Follow-up brain imaging is usually performed within 24 h, or before in cases of neurological worsening, to detect HT, guide antithrombotic treatment regimen, even peri-procedural, and evaluate final infarct volume [5].
In the last years, the possibility of detecting peri-interventional intracranial hemorrhagic complications directly in the angiographic suite, using cone-beam computed tomography (CB-CT) scan, has gained increased attention [6]. However, most of the studies using CB-CT immediately after EVT have applied only a qualitative visual assessment [7, 8] to detect HT resulting in a variable predictive performance. The diagnostic challenge remains to differentiate abnormal post-EVT contrast staining (mimicking subarachnoid, intraventricular, or intracerebral hemorrhage) from actual intracranial hematomas [6,7,8,9,10]. Thus, the early detection of hemorrhagic outcomes using CB-CT immediately after EVT could improve the clinical care management of AIS patients. To date, there is only one study using an objective approach based on maximum-Hounsfield Unit (HU) measurements on CB-CT hyperdense lesions to predict 24-h HT [10]. This study showed promising results with an area under the curve (AUC), sensitivity, and specificity of 0.805, 96%, and 84%, respectively [10].

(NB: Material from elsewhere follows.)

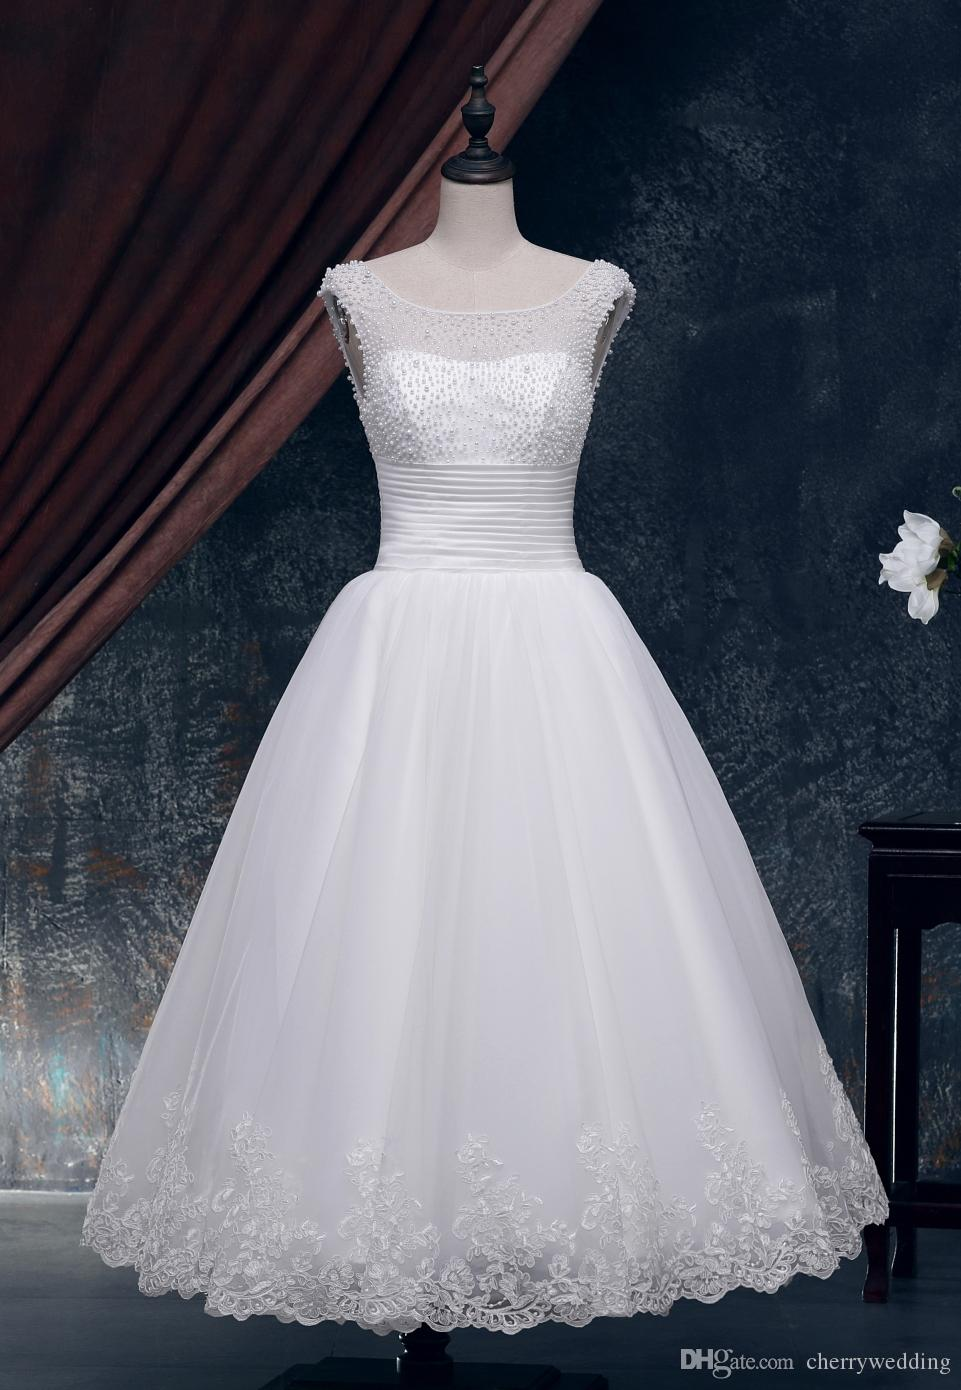 Discount Tea Length Ball Gown Wedding Dresses Vintage Wedding Dress ...

Machine learning (ML) application has been shown to improve the diagnostic accuracy of imaging in many fields, including AIS [11,12,13]. We hypothesize that the automated extraction of quantitative data from predefined regions of CB-CT immediately after EVT could help predict the 24-h HT risk in AIS patients and may implement visual neuroimaging assessment in the acute setting of AIS.
Materials and methods
Patient population
Between 15 January and 30 April 2022, all consecutive patients admitted at our Comprehensive Tertiary Stroke Center (“Tor Vergata” University Hospital of Rome, Italy), with a diagnosis of anterior circulation AIS due to large vessel occlusion (LVO) confirmed at brain non-contrast-computed tomography (NCCT) and CT-angiography undergoing EVT, immediate post-procedural CB-CT and 24-h post-treatment NCCT, were prospectively enrolled in this study and retrospectively reviewed.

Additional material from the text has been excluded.